A search strategy was developed aimed at retrieving articles in secondary research. The following databases were searched using an OVID interface: Medline, EMBASE, CINAHL, PsychInfo, Global Health, Cochrane, HMIC and AMED. The initial search strategy was conducted in October 2008 and again in September 2009 to identify studies published before the 31st December 2008. The search strategies for each of the databases are in Additional file 1. All searches and the removal of duplicate citations were carried out by one of the reviewers.

Inclusion Criteria

For the purpose of the review, a meta-analysis was considered to be a special type of systematic review in which the accepted methods used to construct a systematic review were followed and the results were aggregated by statistical methods. A number of other terms were also defined to remove ambiguity in the inclusion criteria and to aid reproducibility; the full details of these may be found in Additional file 2. They were developed as an algorithm with the first criterion being applied to the titles and abstracts of all the citations. Full text articles were then retrieved on those which either satisfied the first criterion, or when there was insufficient information to make a decision.

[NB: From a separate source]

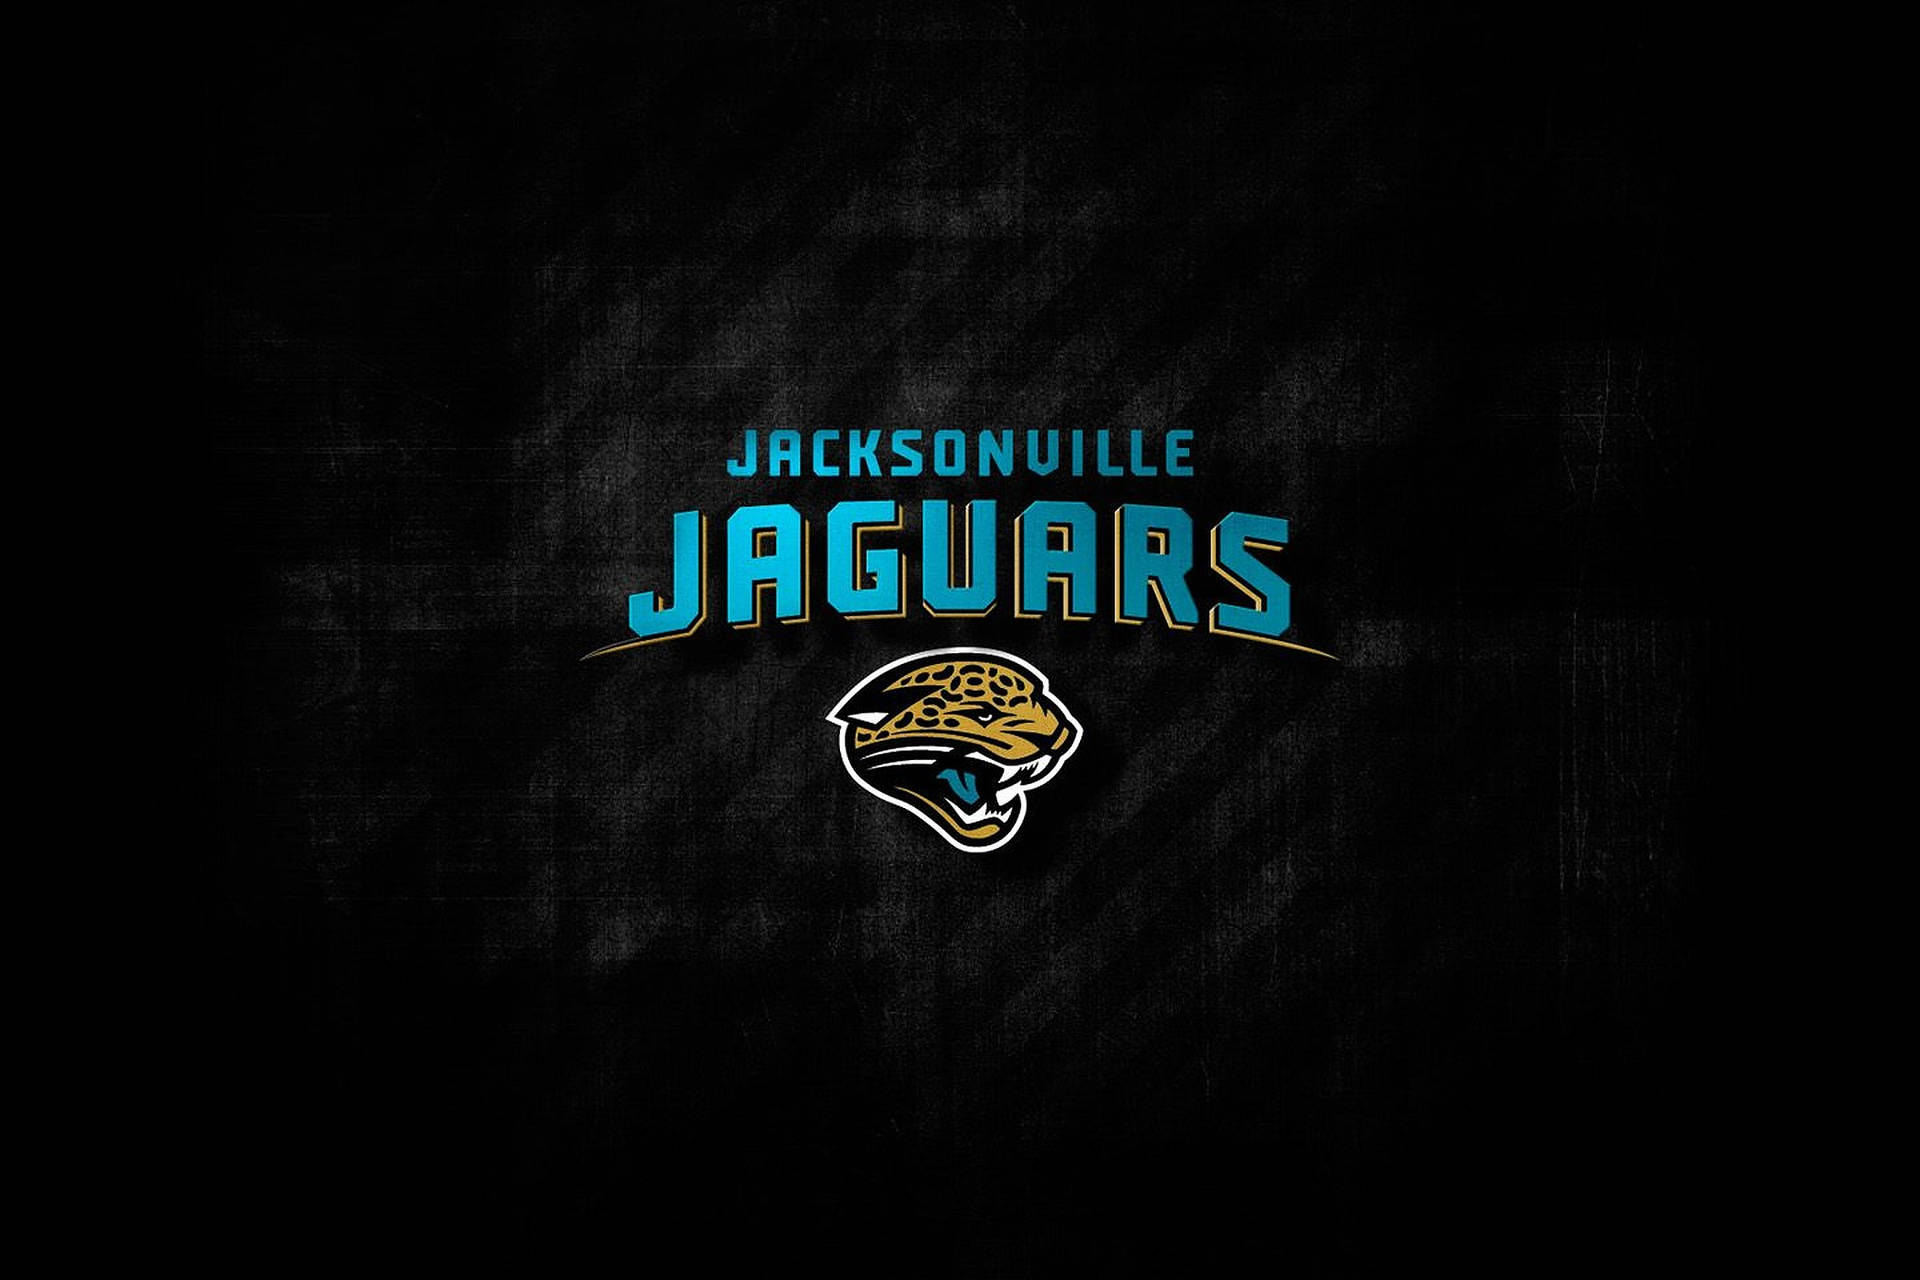 Jacksonville Jaguars In The Dark Background

Studies were included if they satisfied all of the following criteria: the citation was an original study of a diagnostic or screening test; one of the objectives was to estimate an accepted performance measure of the test; two or more of the major electronic databases were searched; three or more search terms were explicitly stated in the methods; at least one statistical method was used to combine the studies and summarise the performance of the test.

Data Extraction and appraisal

Data were abstracted on the following: year; test; reference standard; target disorder; patient setting; statistical methods and correlation; presence of heterogeneity; and quality assessment tool. Four statistical methods were specifically searched for as part of the appraisal: pooling of performance characteristics using a fixed effects [14] or random effects [15] model; SROC method as described by Moses and colleagues [16, 17]; bivariate random effects model (BRM) [18, 19]; the HSROC curve as proposed by Rutter and Gatsonis [20]. Similarly, use of the QUADAS tool [21] was specifically noted.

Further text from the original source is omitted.